The first category mainly includes TNF-R1, Fas (Apo-1, CD95), DR3 (Apo-3, WSL-1, TRAMP), DR-4 (TRAIL-R1), DR-5 (TRAIL-R2), DR-6, EDA-R and NGFR.
Their intracellular region contains a death domain (DD) that is homologous to Drosophila cell death proteins. The death domain contains a receptor that transduces an apoptotic signaling pathway. When TNFR is activated by an apoptotic signal, its cytoplasmic death domain recruits apoptosis-related factors, which then activate downstream caspases to cause cellular apoptosis.
Members of the second subfamily include TNFR2, CD40, OX40, and 4-1BB. Although their cytoplasmic regions are quite different, they can regulate the activation of NF-kappa B(nuclear factor kappa B) or JNK(c-jun amino-terminal kinase) by mediating tumor necrosis factor receptor-related factors, thereby regulating gene expression and promoting growth .
Figure 2 Member and classification of TNFRSF
3. Death Receptors
In TNFRSF, some receptor molecules have Death domain (DD) in the cytoplasmic region, which is also called Death receptor (DR).

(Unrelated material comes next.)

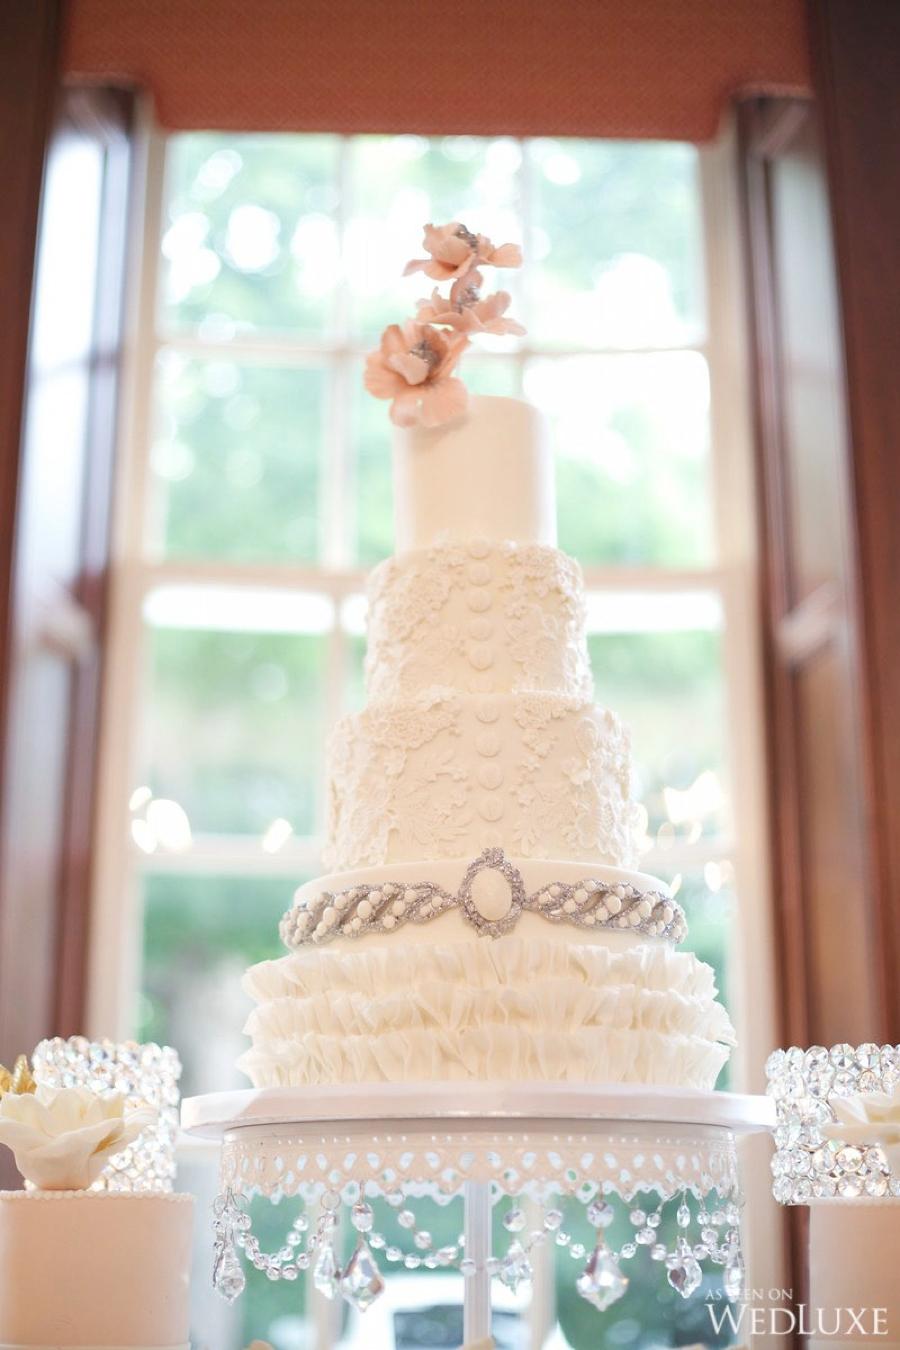 Cake: Truffle Cake & Pastry Photo: Hoyin Siu Photography Studio

When these receptor molecules are combined with the corresponding ligands, a series of signaling molecules can be recruited and activated, eventually activating aspartic acid specific cysteine protease/Caspase in the cytoplasm, leading to apoptosis . Therefore, death receptors are involved in many physiological and pathological processes of the body, especially in multiple viral infections.
3.1 Fas system
Fas exists widely in many tissues and cells, but is mainly expressed in immune cells.
Both Fas and FasL can be secreted or exfoliated outside the cell and become soluble functional molecules, namely sFas and sFasL. Fas, FasL, sFas and sFasL together form the Fas system.
FasL binds to Fas and causes apoptosis. The combination of sFasL and Fas also induces apoptosis. sFas has a high affinity with FasL, and can compete with membrane type Fas for FasL, but does not cause apoptosis, and indirectly inhibits apoptosis. The role of sFas and sFasL may be a regulatory mode of apoptosis in vivo. Apoptosis mediated by Fas system plays a very important role in transplantation immunity, which is involved in the development of lymphocytes, the formation of self-tolerance, the restriction of T lymphocyte cloning, the realization of immune response and many other immune processes.
Tumor necrosis factor receptor 1(TNFR1), also known as the tumor necrosis factor receptor superfamily member (TNFRSF1A) and CD120a, is a ubiquitous membrane receptor-binding tumor necrosis factor alpha (TNF alpha).
TNFR1 is expressed in almost every cell in the body. It is involved in apoptosis.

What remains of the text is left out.